She looks tiny standing in the open doorway, like a doll, the familiar white-blond bob tucked behind her ears. She ushers me into the marble foyer of the Fifth Avenue penthouse she shares with her husband, Teddy, owner of the eponymous investment firm Lane Capital. Her hands are still behind her back. “Here,” she says, revealing the surprise. It is a vintage silver key, with a crown carved into the top that resembles the Imperial State Crown worn by Queen Elizabeth. Attached to it with a pink velvet ribbon is a small envelope. It’s an invitation to Ms. Lane’s fiftieth birthday party, to be held later this month at the Four Seasons. “The theme is Pandora’s box,” she says, raising an eyebrow.
“Pandora’s box?” I ask.
“Come dressed as one of your dirtiest secrets. Something that might be dangerous if it got out.”

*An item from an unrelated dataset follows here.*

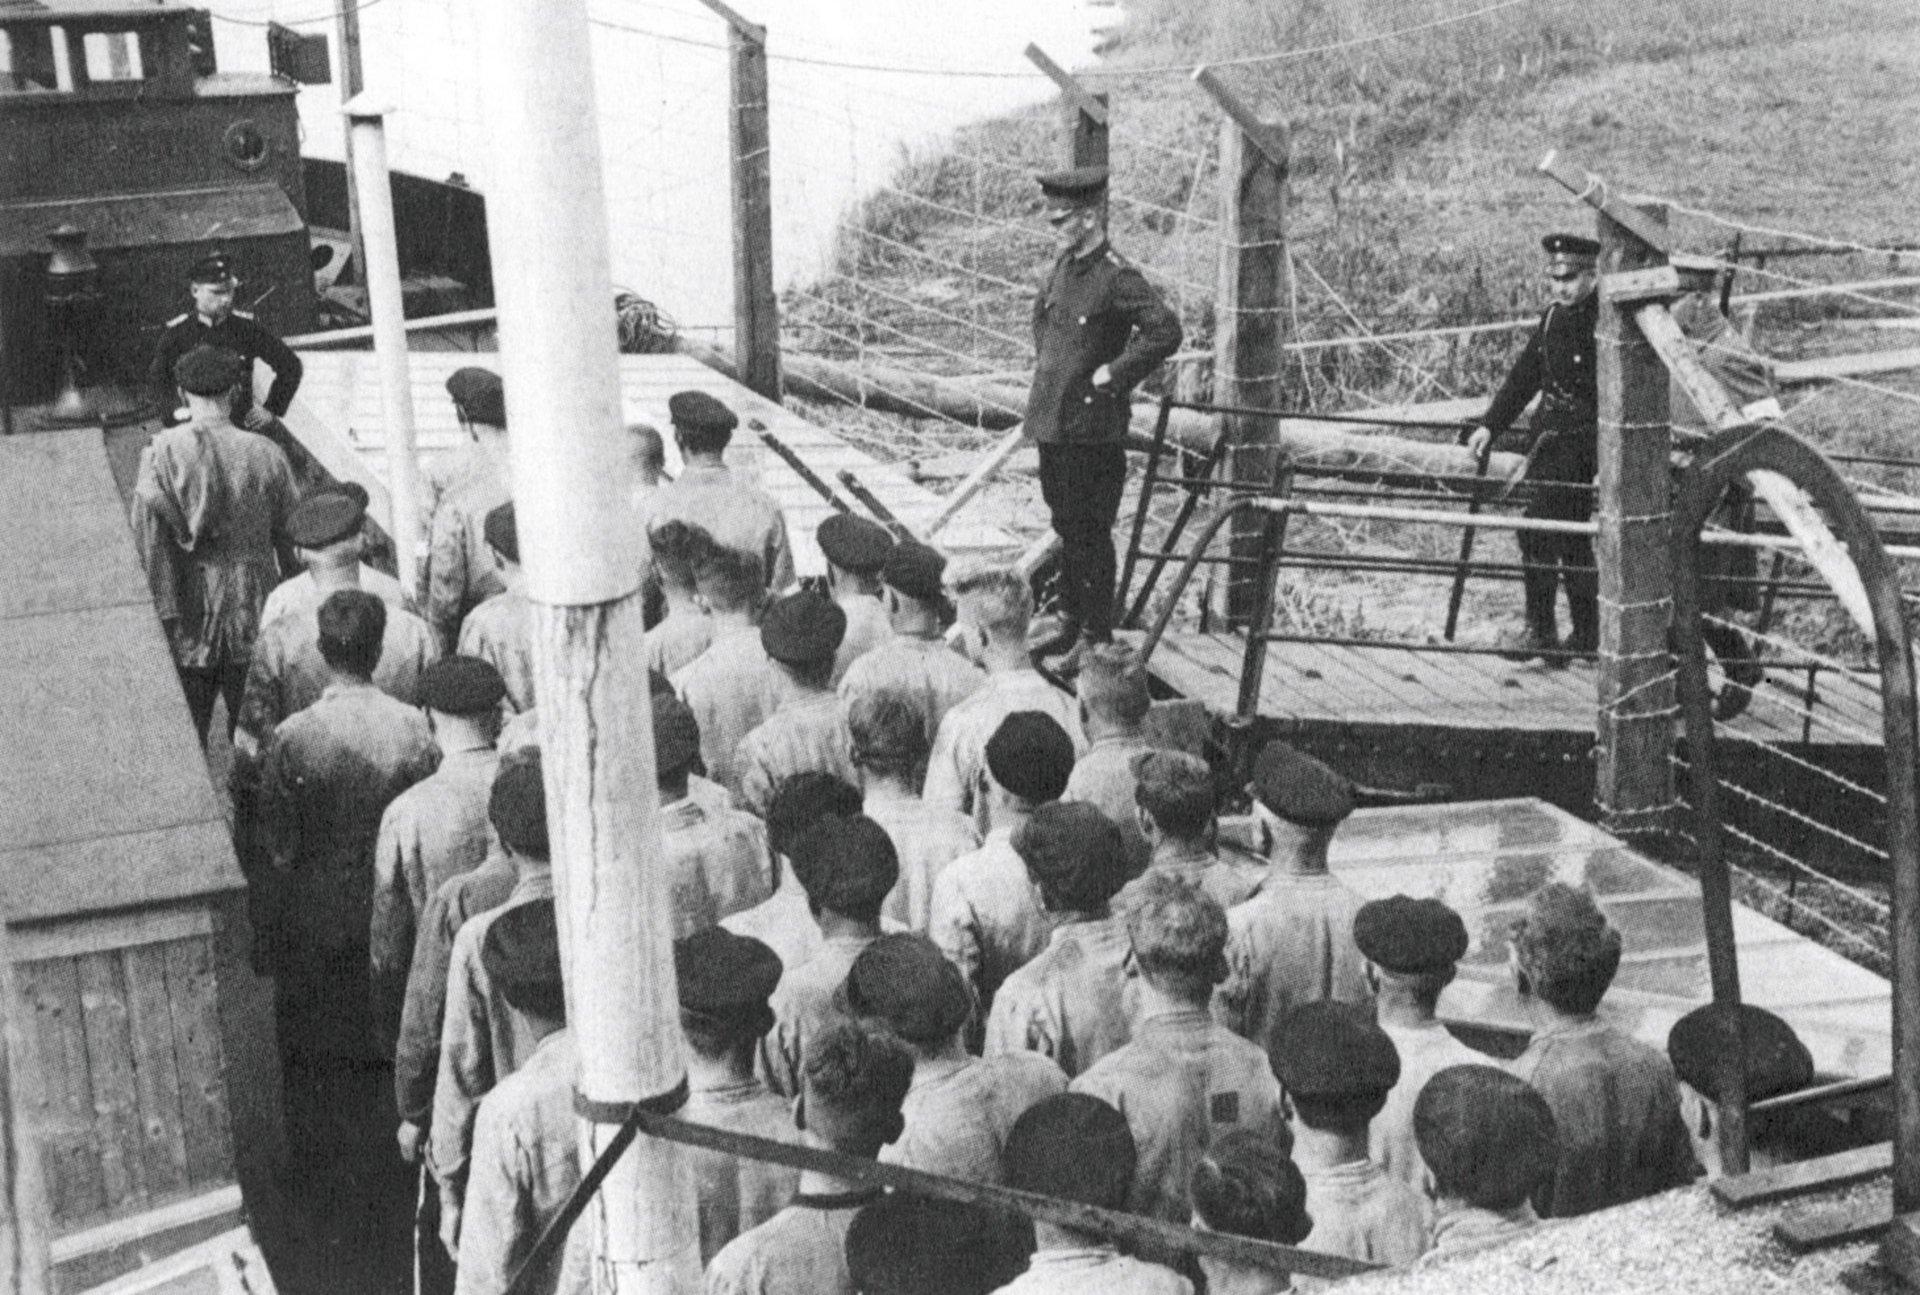 Entren los muchos campos de concentración improvisados que se destinaron a recluir a oponentes políticos en 1933 se contaba este viejo remolcador del río Ochtum a su paso por las inmediaciones de Bremen.

It is a fitting theme for one of the city’s most unlikely gossip columnists, a woman equal parts quirk, glamour, and mystery. From her post atop Manhattan’s society scene, she could devote her time to the usual pursuits: philanthropy, international travel, the couture shows. But Susannah Lane is not like other society wives. There’s the gossip column, for one, and
her eclectic mix of friends. She is difficult to define, a fact that she seems to revel in. Says her husband, “Among a pool of swans, she is the peacock.”
“Why gossip?” I ask her, sitting in the plush living room overlooking Central Park. It is almost noon. Chopin plays softly in the background.
“I hate that word,” she says, sniveling. “Gossip. It makes what I do sound so underhanded. And what I do is not mean-spirited or conniving.” She laughs. It’s a mellifluous laugh, the kind that’s pleased with itself. “In fact, most of the things that end up in my columns are things that my friends are already talking about. Old news, really. And occasionally, say, when I break the story of a cheating husband? You could say that I’m helping the poor woman who’s married to him. Anyway, it’s harmless girl talk.”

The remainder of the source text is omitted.